With pictures left out, set down exactly the lines from the line containing "castillo hielo frozen" through the last line of the data.

● Recorded information
◆ ◆ ◆ ◆ ◆

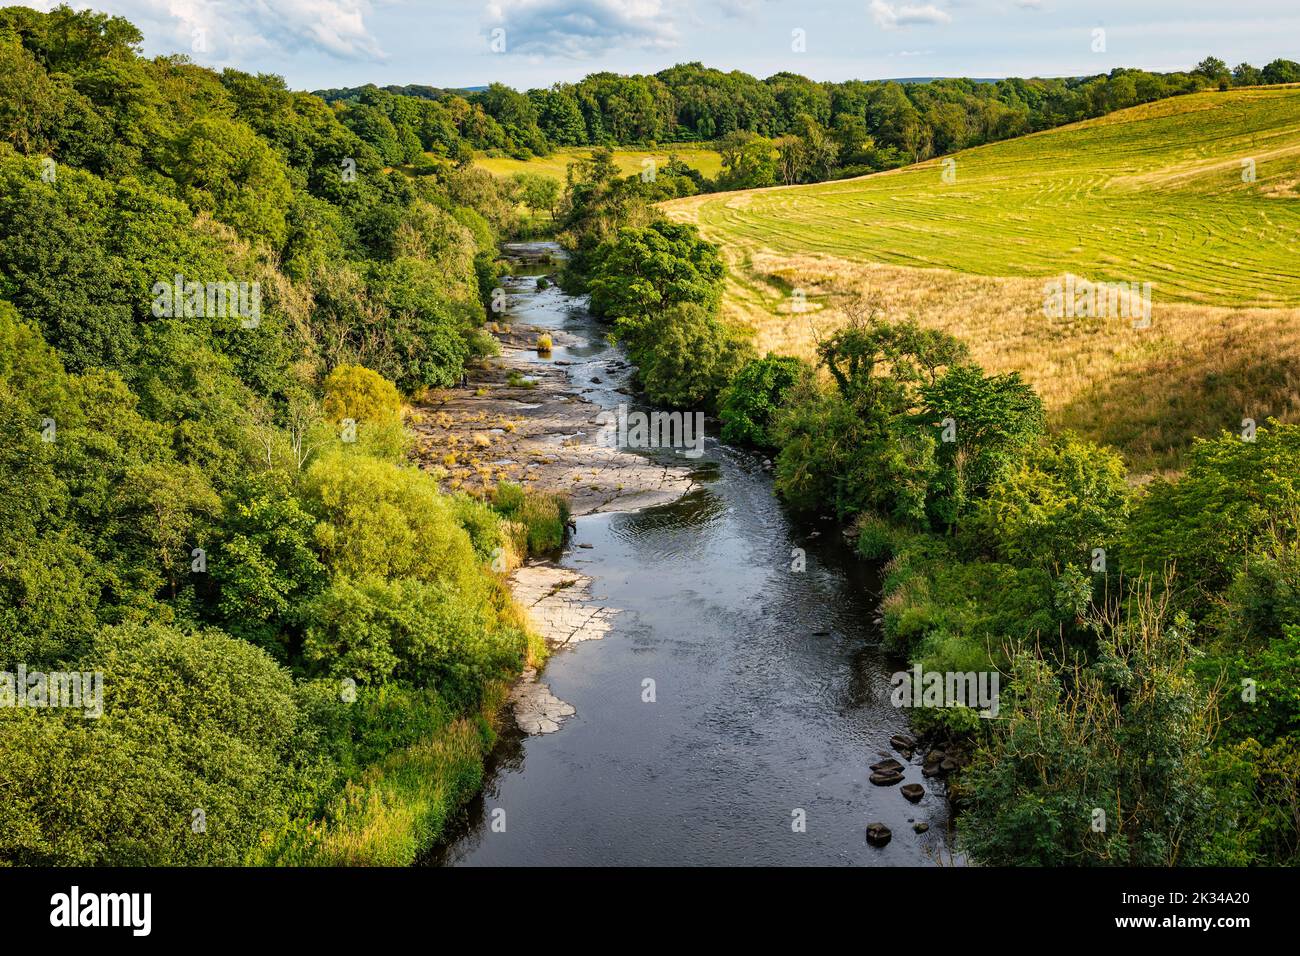 Vista desde el acueducto del canal sobre el valle del río Almond, West Lothian, Escocia, Reino Unido Foto de stock
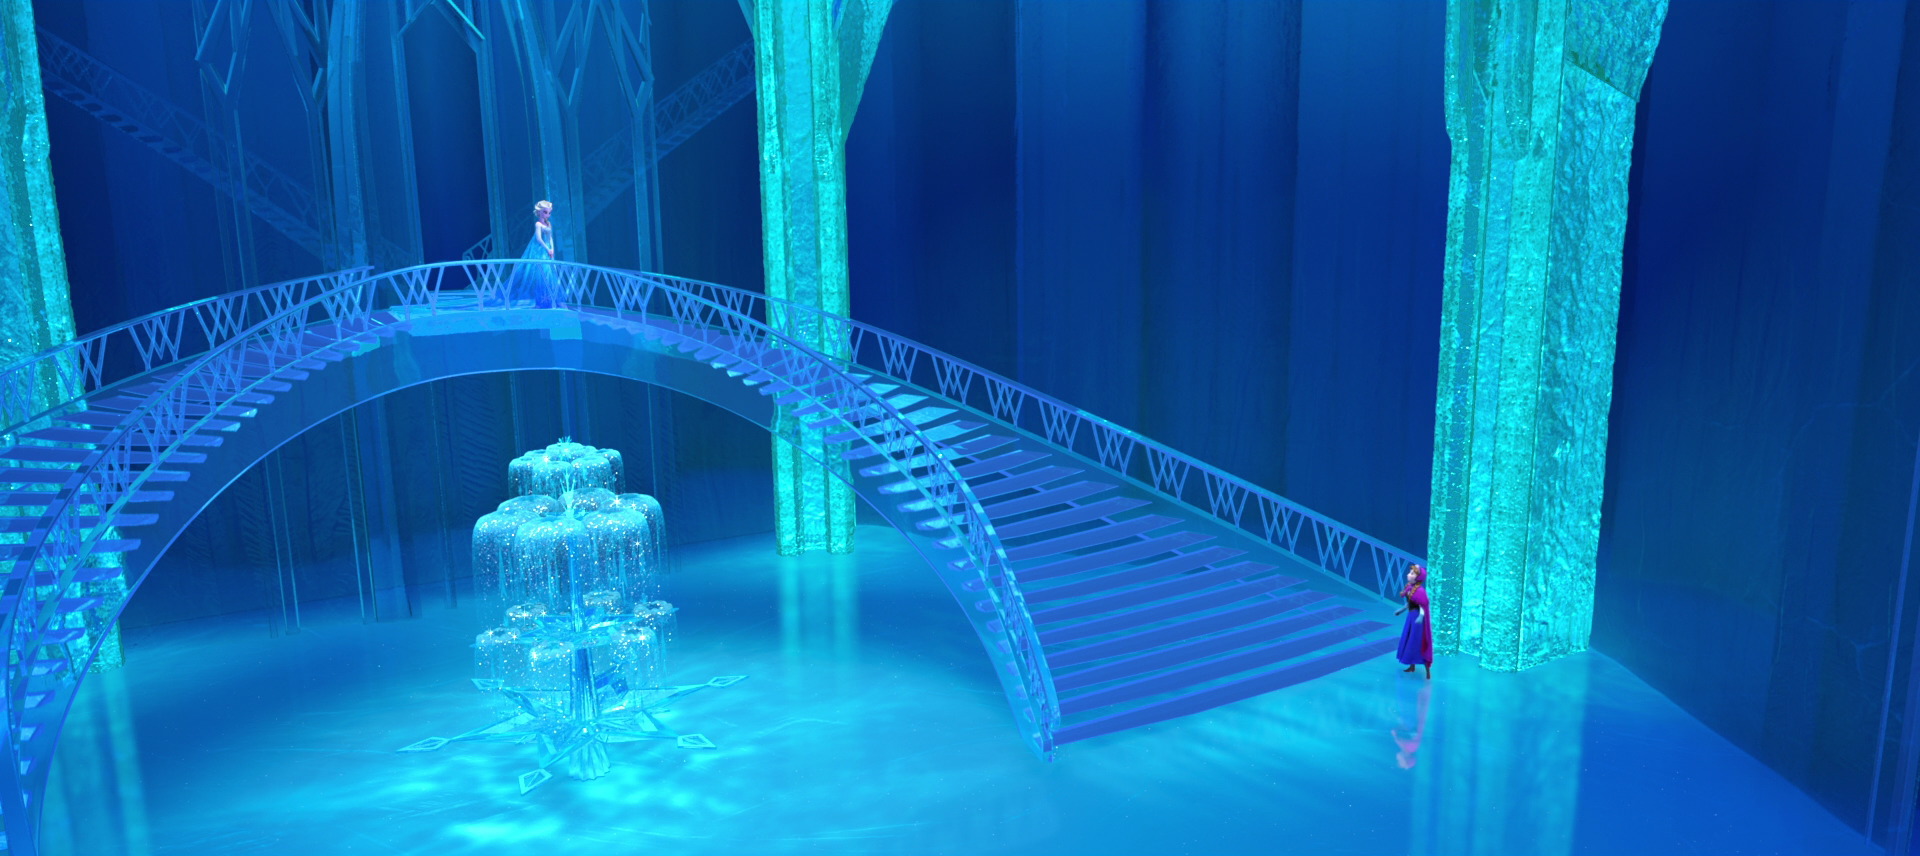 castillo hielo frozen disney fondos  Frozen castle, Disney frozen castle,  Frozen wallpaper
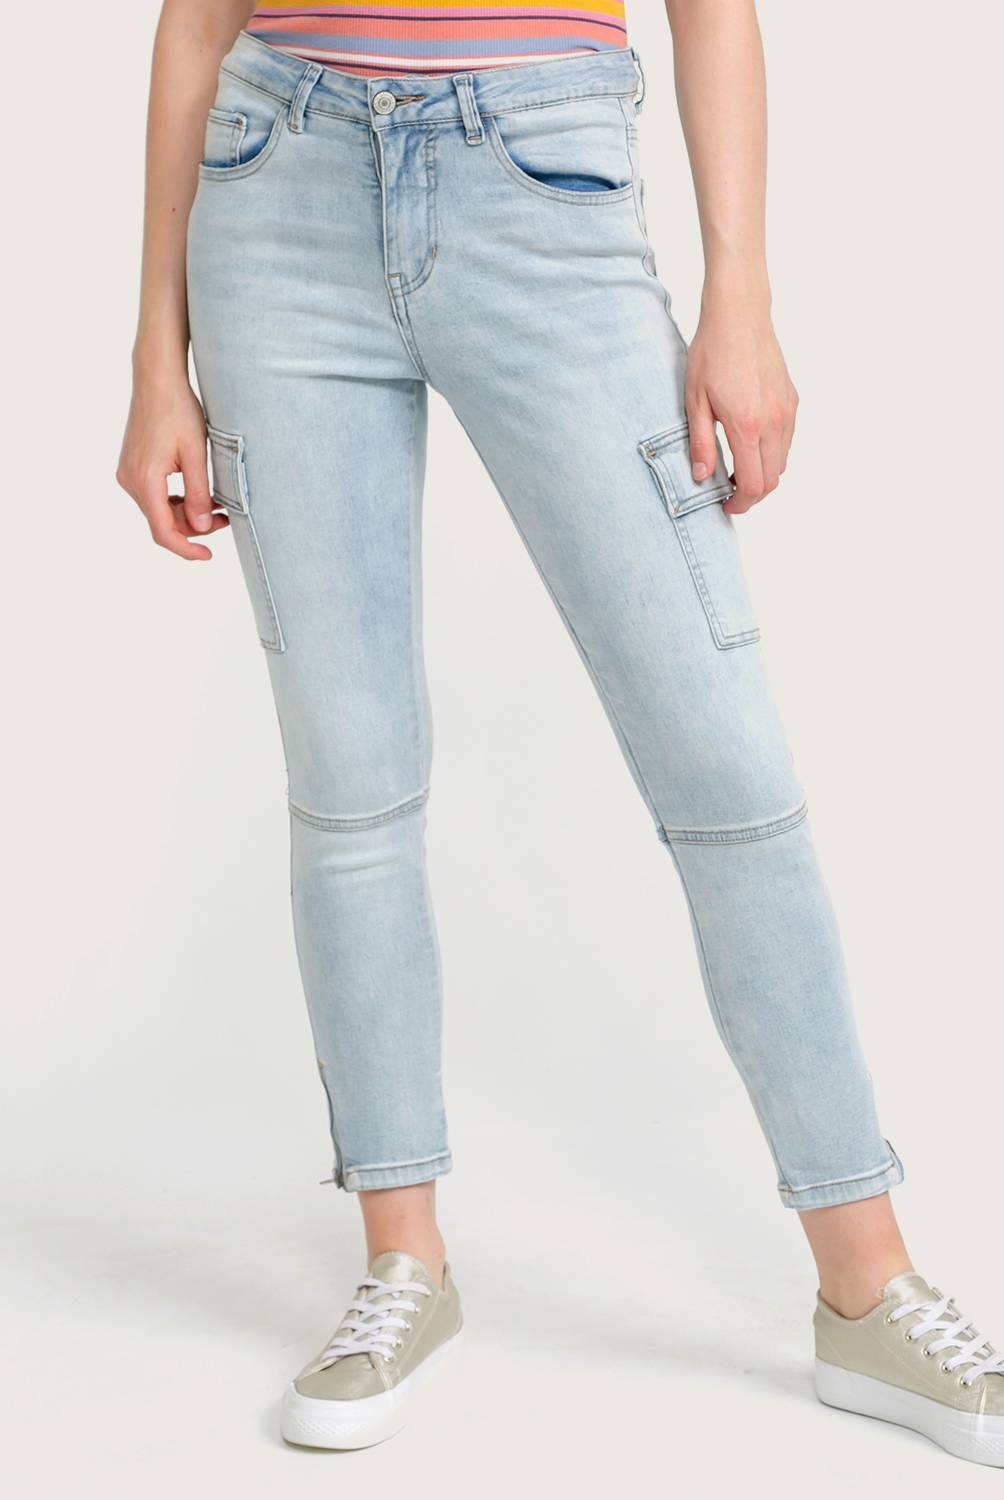 Doo Australia - Jeans de Algodón Skinny Mujer

◆ ◆ ◆ ◆ ◆

● Solution
 castillo hielo frozen disney fondos  Frozen castle, Disney frozen castle,  Frozen wallpaper
 Doo Australia - Jeans de Algodón Skinny Mujer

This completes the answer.